-- Your objective --
Return every line below as is, leaving out the pictures.

-- Collected material --
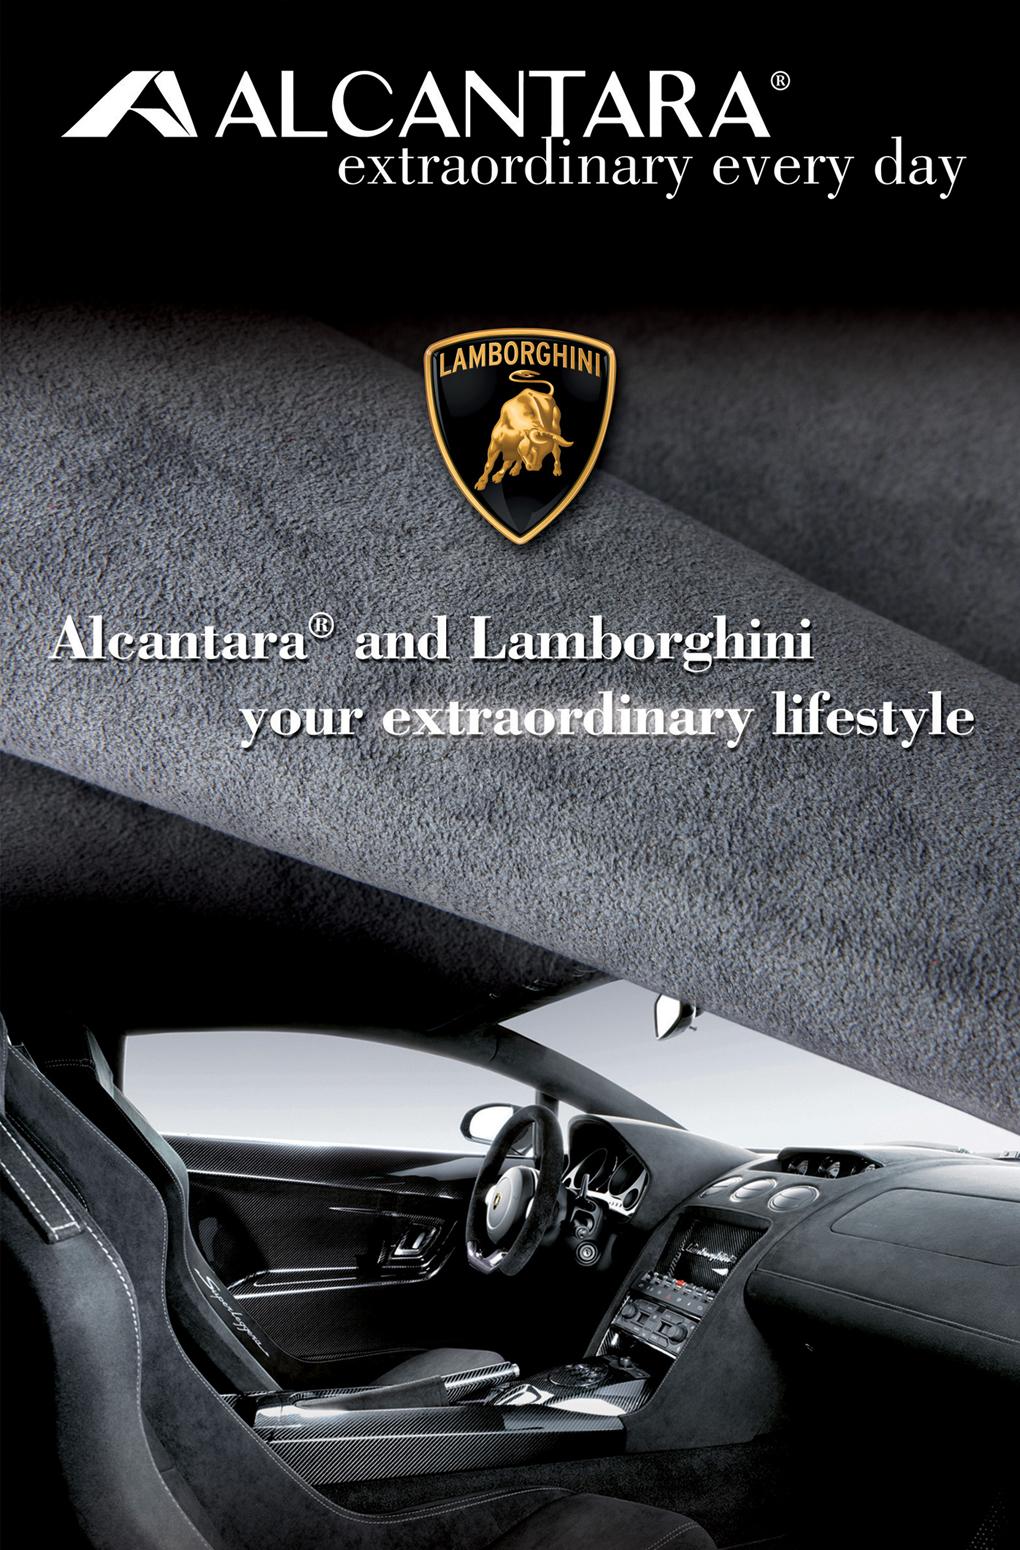 Campagna lancio Alcantara a Shanghai feauring Lamborghini - Graphic Design Mirko Neri
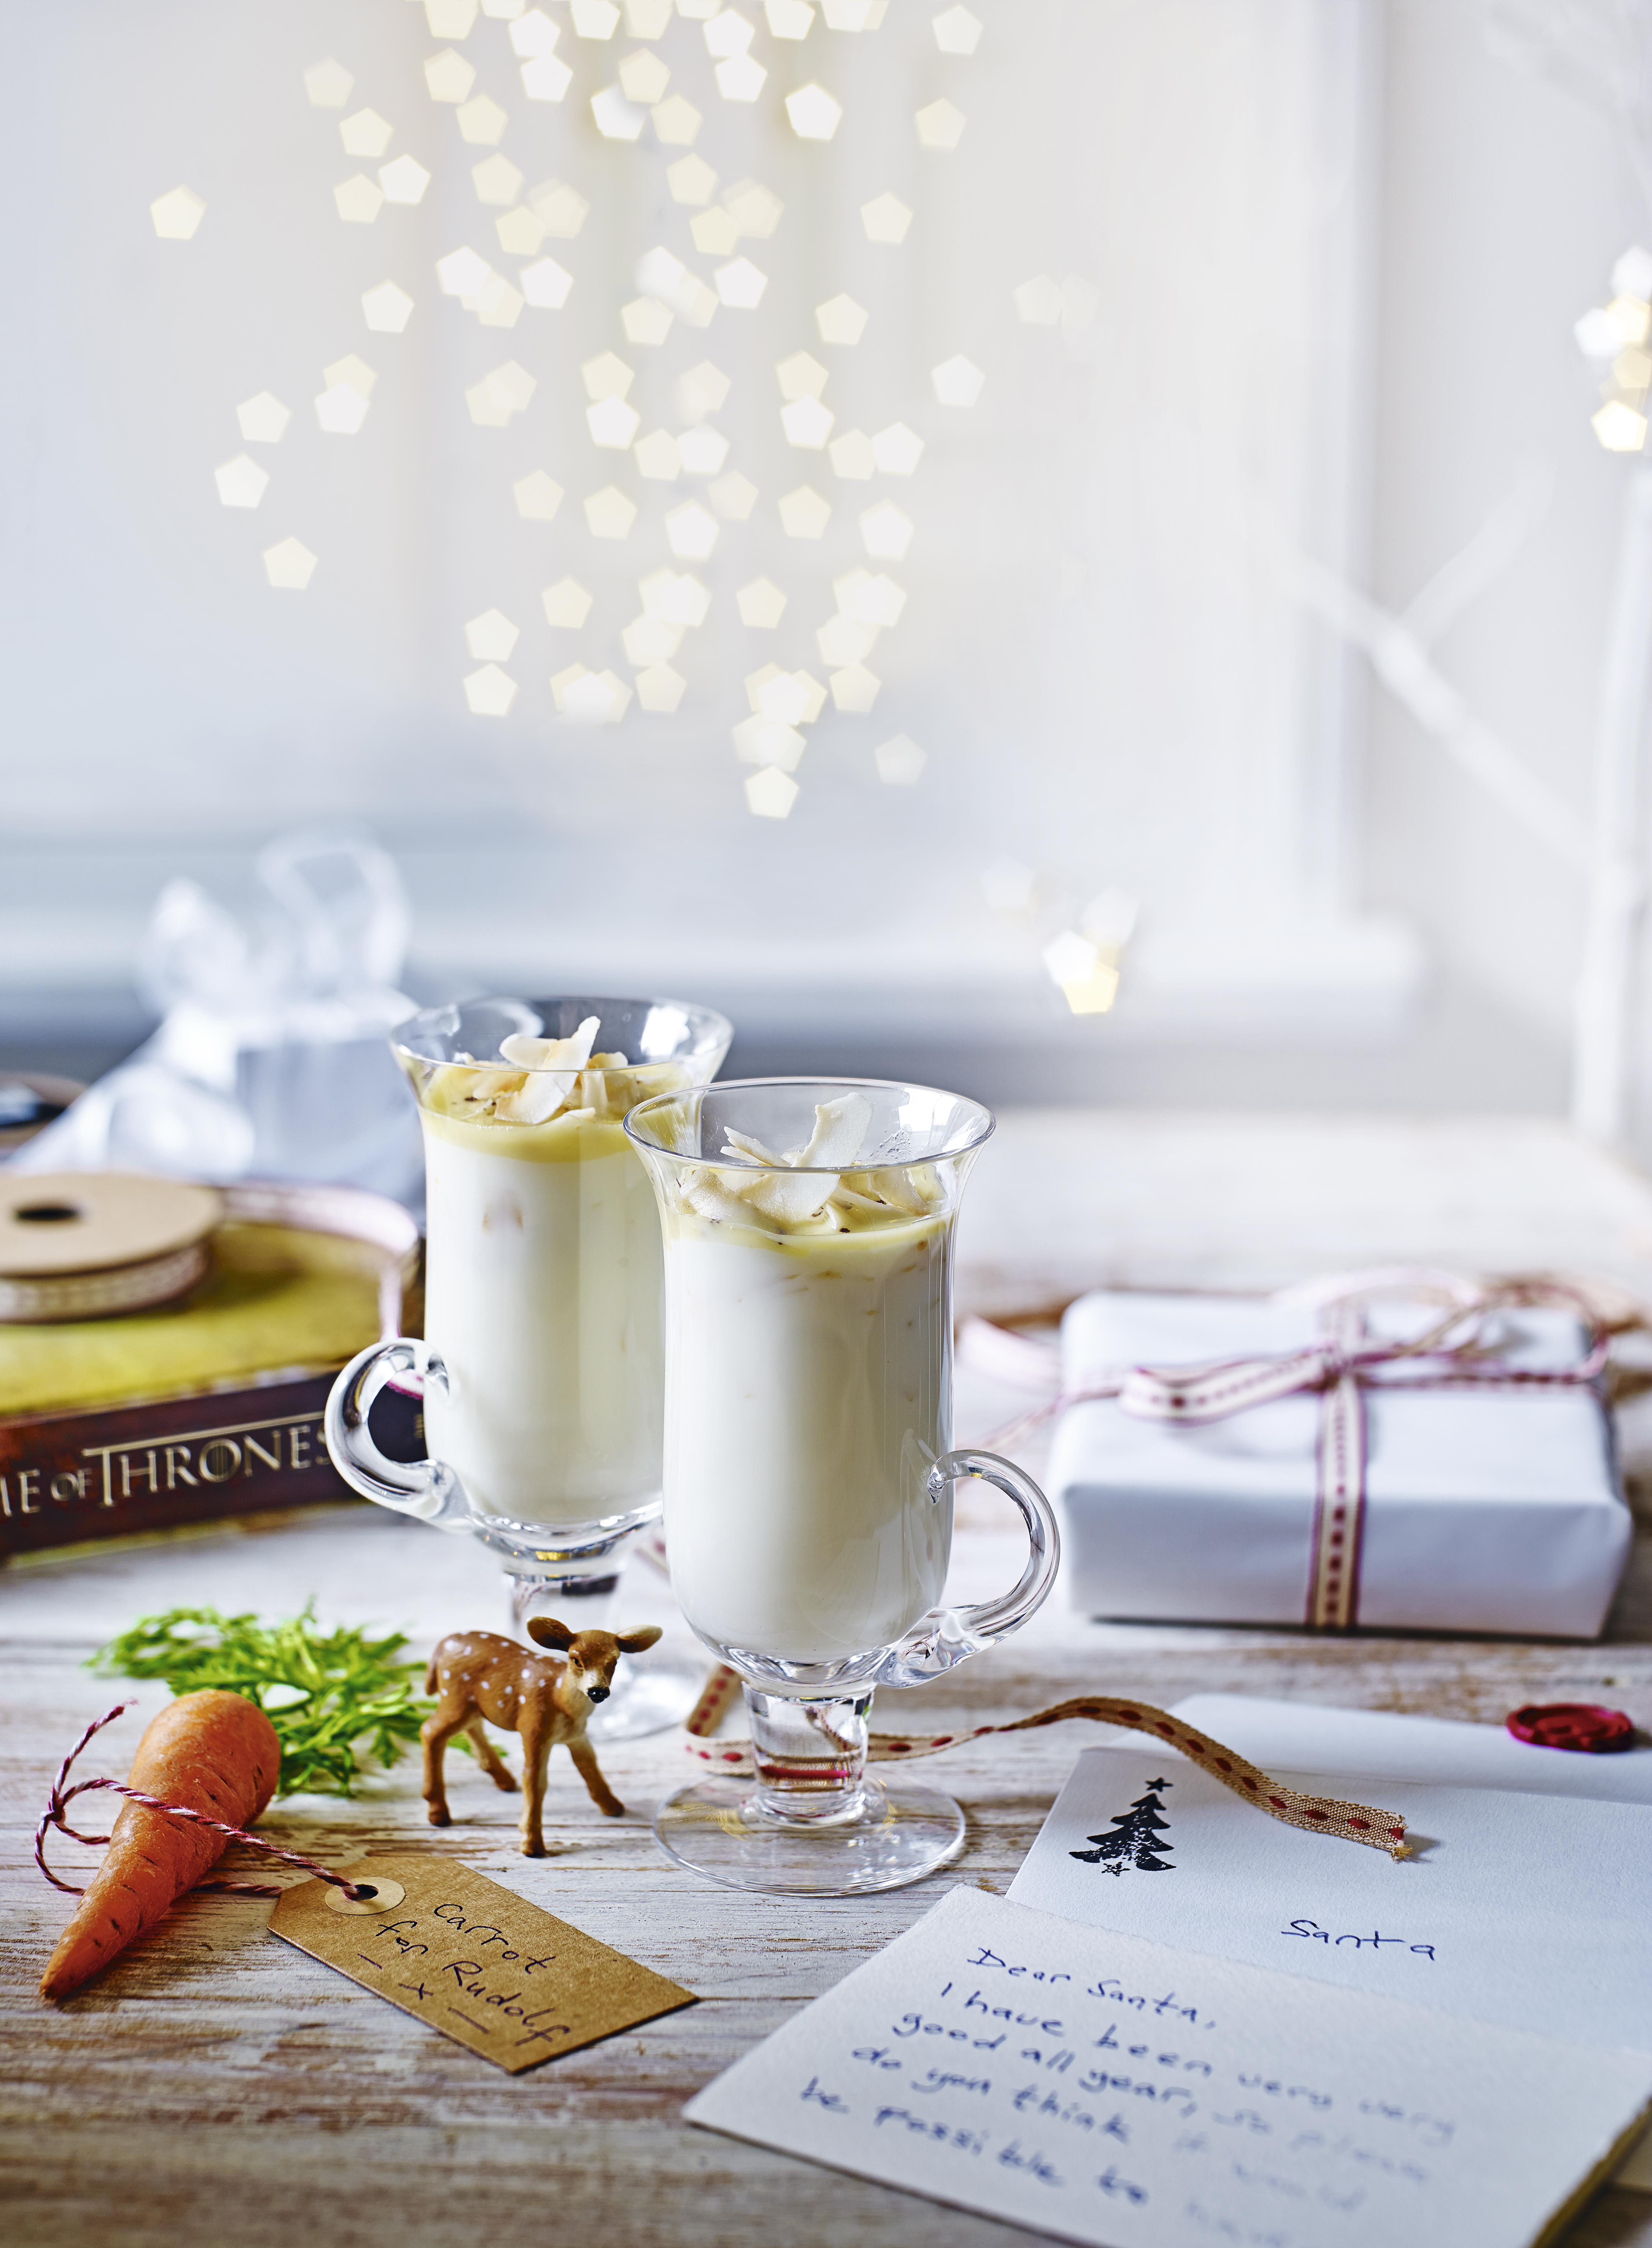 White Chocolate Toddy
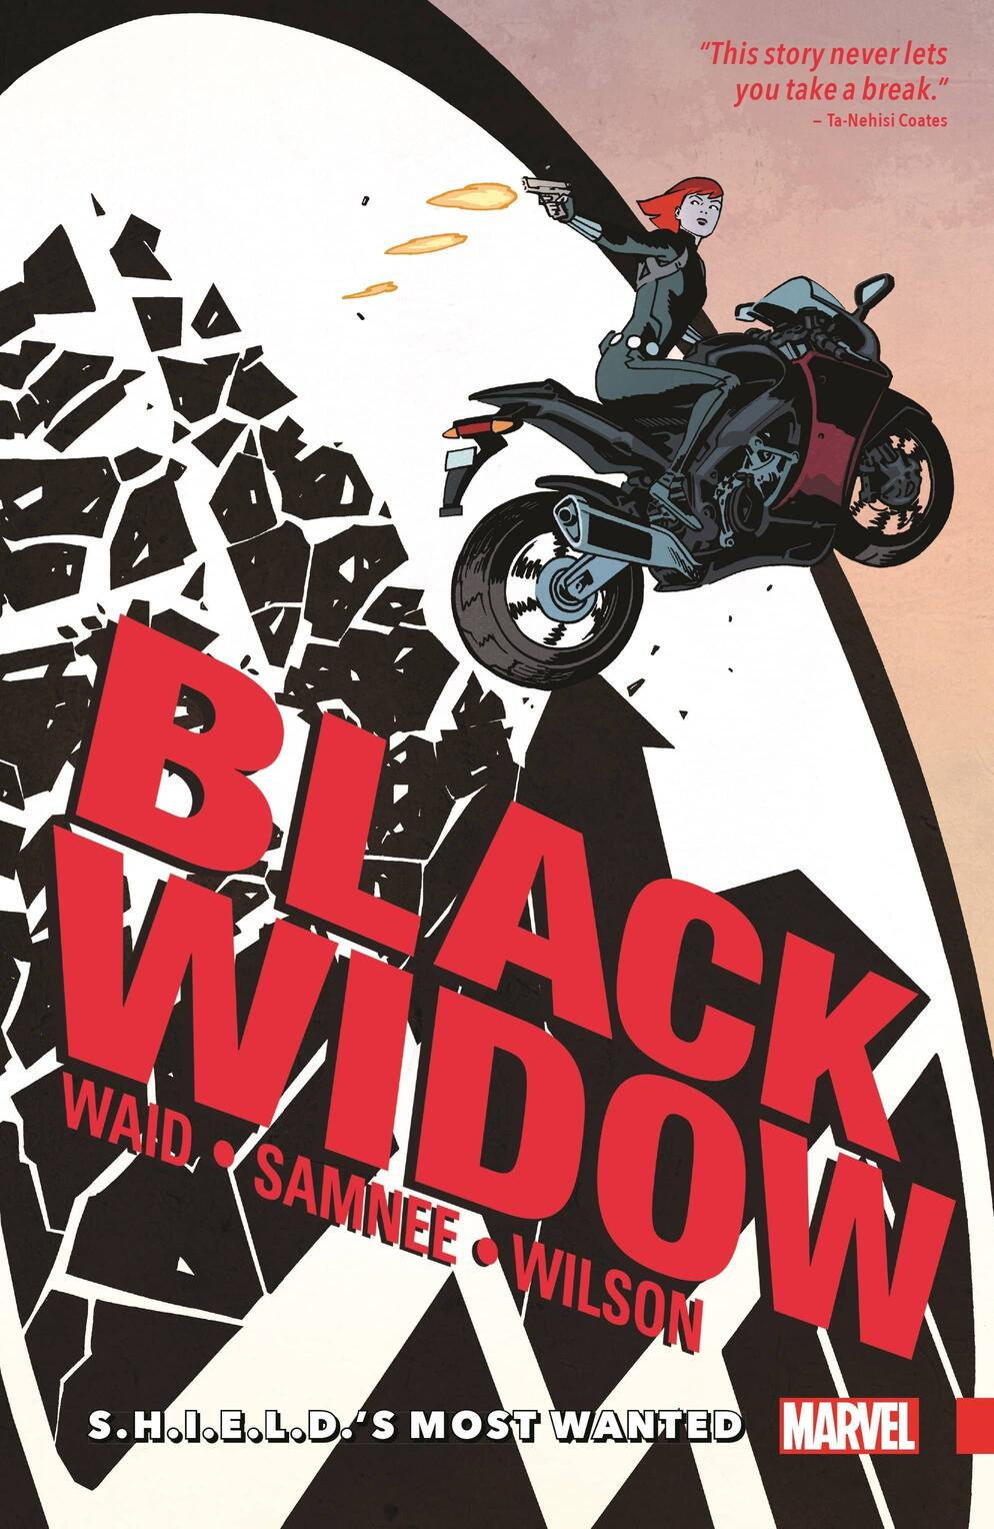 Cover to BLACK WIDOW VOL. 1: S.H.I.E.L.D.'S MOST WANTED.

-- Answer box --
 Campagna lancio Alcantara a Shanghai feauring Lamborghini - Graphic Design Mirko Neri
 White Chocolate Toddy
 Cover to BLACK WIDOW VOL. 1: S.H.I.E.L.D.'S MOST WANTED.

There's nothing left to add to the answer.